Clinton et al. (2014) recently published a paper outlining the use of mimics as an elegant solution to researcher safety while working with a deadly pathogen.1 Ebola virus (EBOV) infection causes a devastating hemorrhagic disease in humans, with almost 60% fatality in most outbreaks where medical care is limited. In order to research novel therapeutics and investigate potential virus weaknesses, laboratories must either cope with the stringent biosafety requirements necessary for this biohazard or find a non-hazardous, non-lethal model to work with.
Clinton et al. have identified a viral protein region that is 90% conserved across all EBOV species. Using this information, they created two mimics that are suitable as drug-screening targets. From previous research in human immunodeficiency virus (HIV) infection, the team chose to focus on the N-trimer region, since it is involved in viral entry into cells. This area has shown success in drug targeting against HIV infection, which enters cells using a similar mechanism.2 During EBOV infection, the N-trimer region interacts with its native ligand, a C-peptide region in the GP2 viral protein, altering conformation to expose a vital binding site that allows viral entry into host cell endosomes.
Once created, the researchers characterized their novel mimic products using a variety of methods to examine conformation, structural binding motifs and interactions. They conducted all reactions and analyses at a pH of 5.8 to simulate the endosomal conditions within the endosome during virus trafficking.
Using X-ray crystallography, the team found that the N-trimer mimics adopted a typical trimeric coiled structural conformation as seen in native EBOV. They confirmed binding potential with C-peptide and established specificity using mutated forms of the mimics. Furthermore, using surface plasmon resonance to examine interactions, Clinton et al. could demonstrate similar binding affinity for C-peptide as found in their work with HIV.3
The team found the crystal structure of the mimics was similar to the native EBOV protein region, and further examined protein interactions with the C-peptide region using the MONSTER protein interaction server for analysis. The results from this gave further insight into potential sites for therapeutic inhibition.
With phage display screening, the researchers analyzed binding interactions with the mimics. In both solution and solid phases, the team found that the ligands bound tightly to the mutants, but showed no activity when presented with mutated forms. They further tested binding interaction using mirror-image mimics to evaluate these isoforms as potential therapeutic targets. Since these forms do not occur naturally, they are resistant to proteases and may have a longer half-life in vivo. Furthermore, they are also capable of blocking targets larger than the ones blocked by smaller therapeutic molecules, and show success in inhibiting HIV cell entry.3
Using one of the N-trimer mimics, Clinton et al. successfully blocked viral entry in an EBOV pseudovirus system expressing GP2 protein on the cell surface of HIV. However, the effect was less marked when used against wild-type EBOV under BSL4 conditions. The research team notes that in order for successful inhibition, therapeutic agents interacting at this level need to enter the cell endosome for activity. Neither of the two N-trimer mimics expresses endosomal recognition tags.

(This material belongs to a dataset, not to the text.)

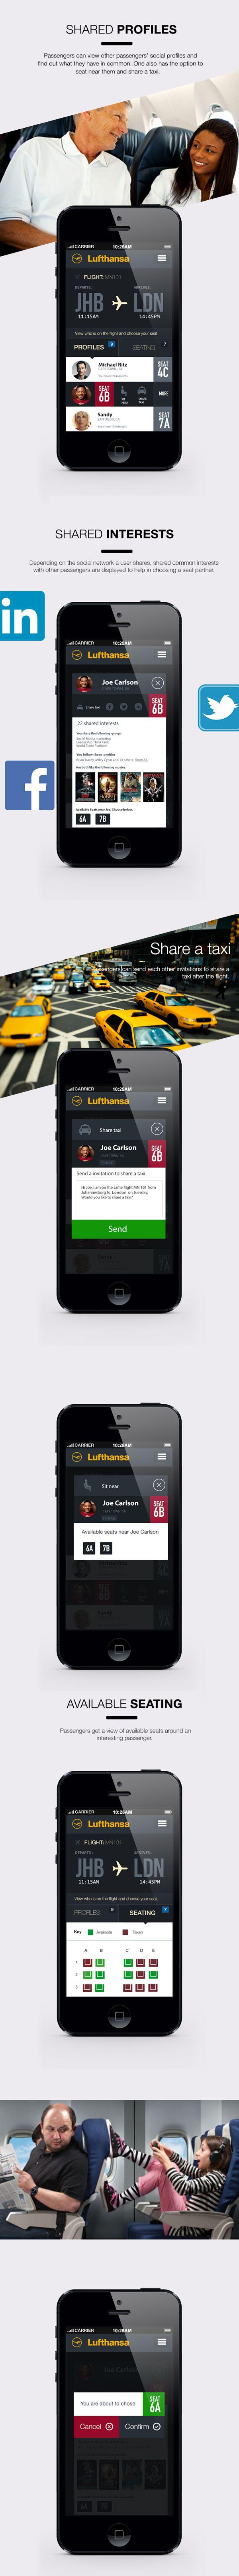 Lufthansa - Sky Connect IOS7 app by Calvin Pedzai, via Behance

Clinton et al. conclude that the two mimics that the team designed and characterized should be useful drug discovery targets in EBOV research. Furthermore, they note that since the prehairpin N-trimeric region is well conserved across all filoviruses, further examination could uncover therapeutic options for Marburg virus that could be useful as broad-spectrum therapeutics.

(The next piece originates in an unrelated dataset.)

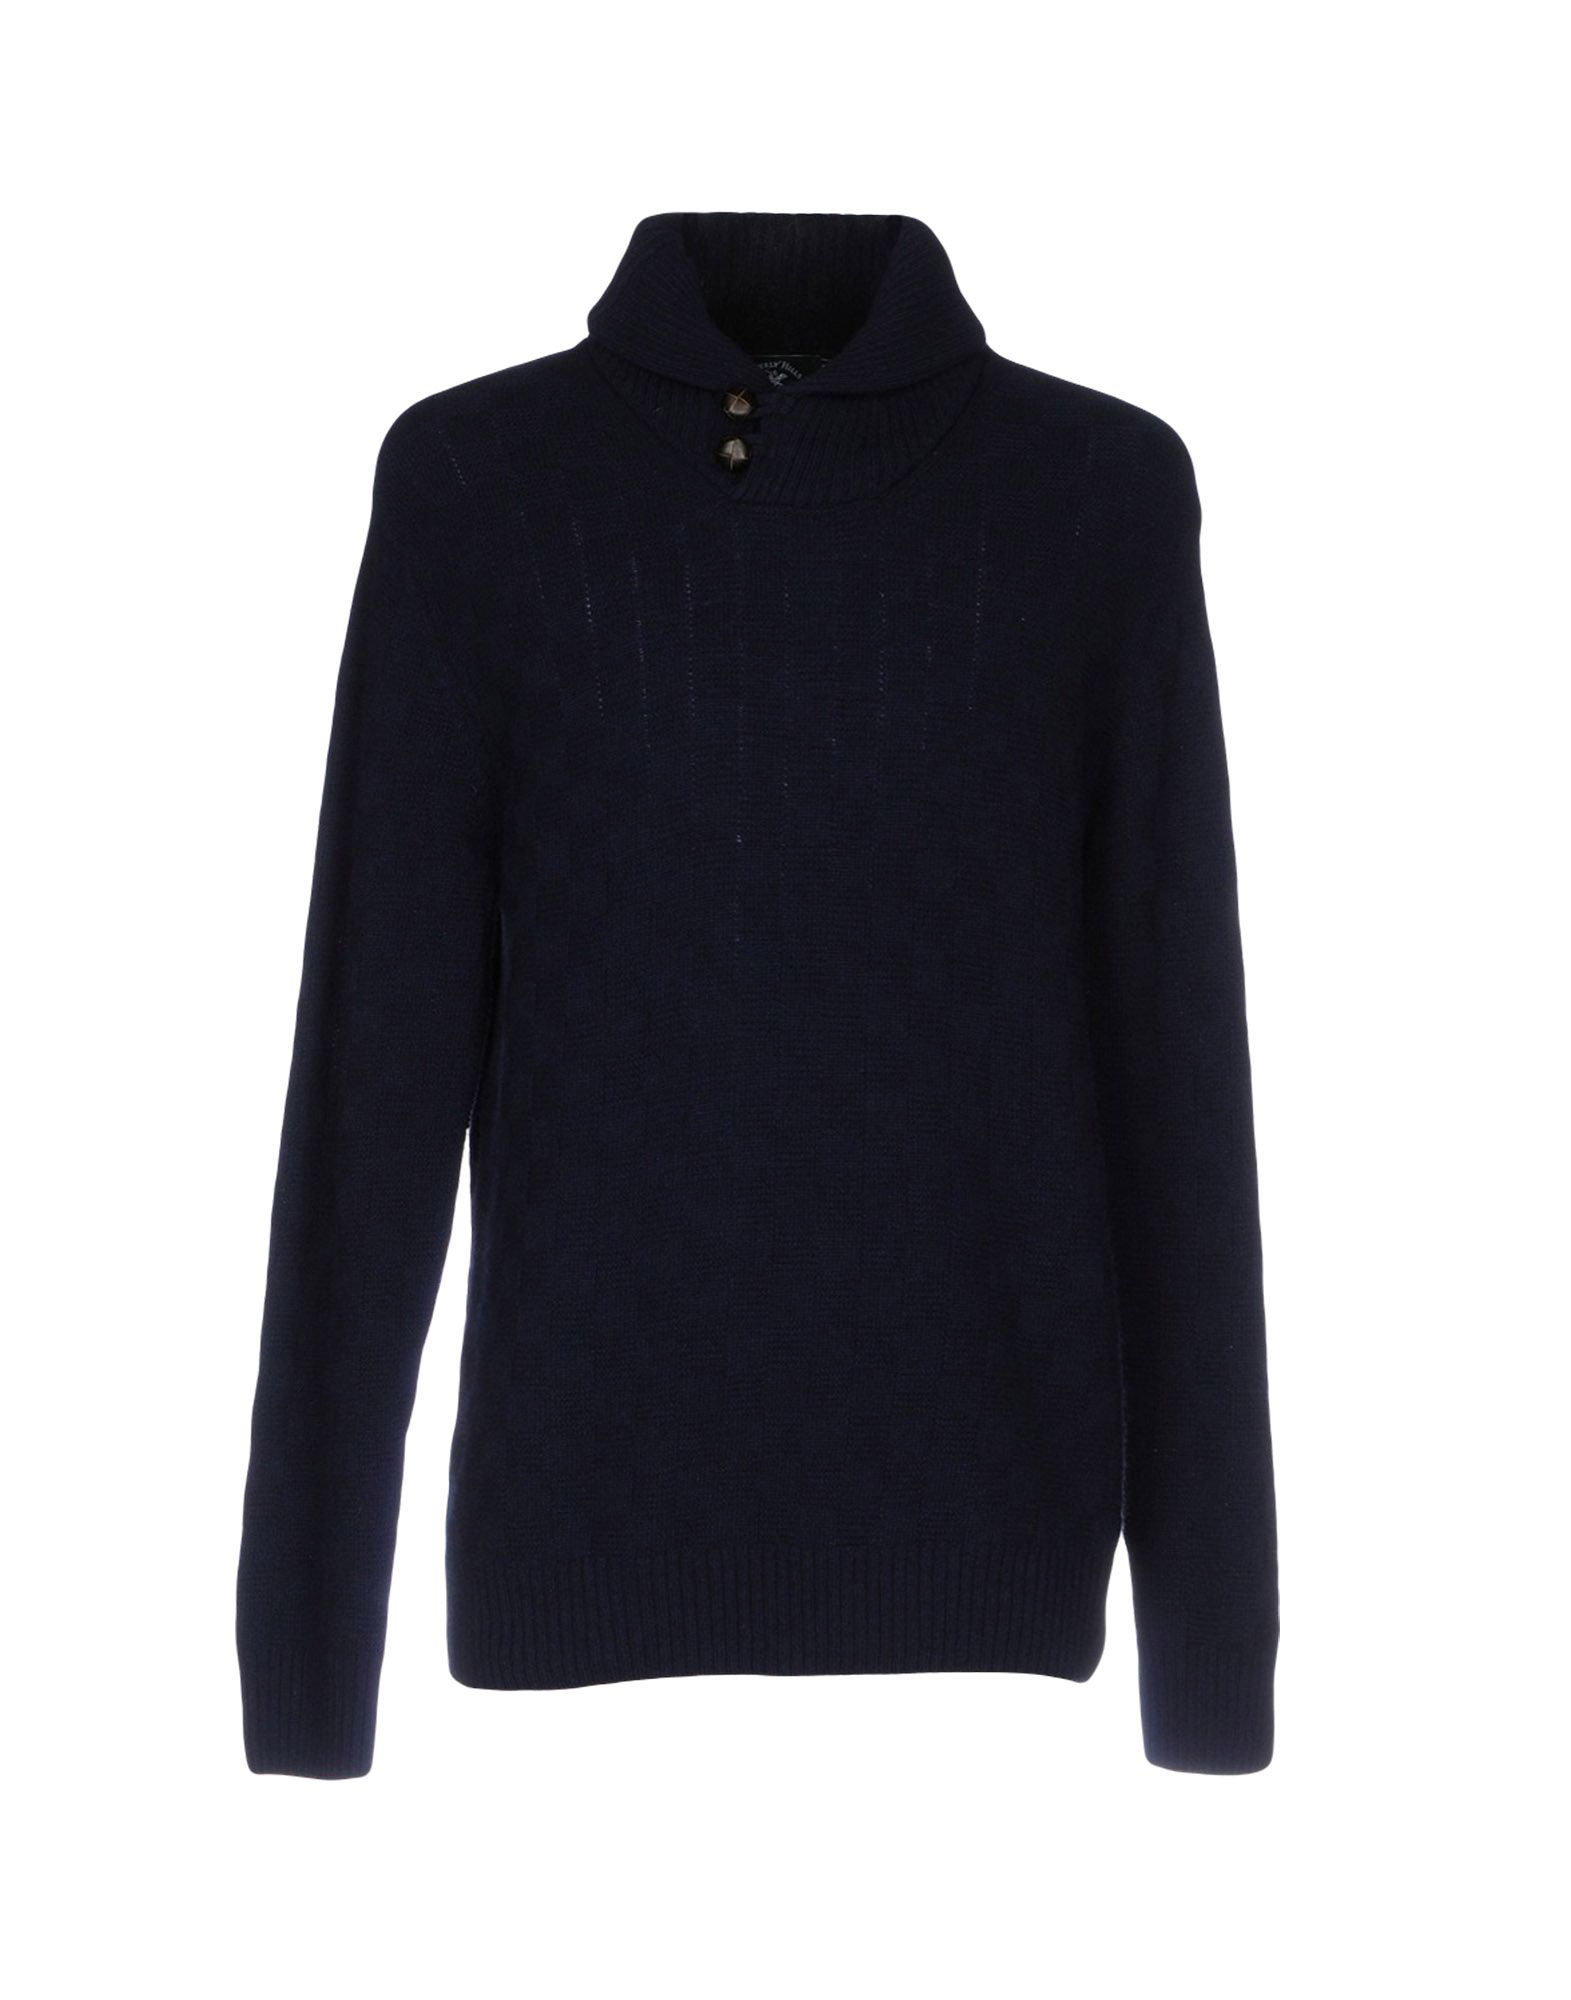 BEVERLY HILLS POLO CLUB Свитер свитер polo цвет черный

1. Clinton, T.R., et al. (2015) “Design and characterization of ebolavirus GP prehairpin intermediate mimics as drug targets,” Protein Science 24(4) (pp. 446-63), doi: 10.1002/pro.2578.
2. Francis, J.N., et al. (2012) “Design of a modular tetrameric scaffold for the synthesis of membrane-localized D-peptide inhibitors of HIV-1 entry,” Bioconjugate Chemistry 23(6) (pp.1252–58), doi: 10.1021/bc300076f.
3. Welch, B.D., et al. (2007) “Potent D-peptide inhibitors of HIV-1 entry,” Proceedings of the National Academy of Science USA 104(43) (pp.16828–16833), doi: 10.1073/pnas.0708109104.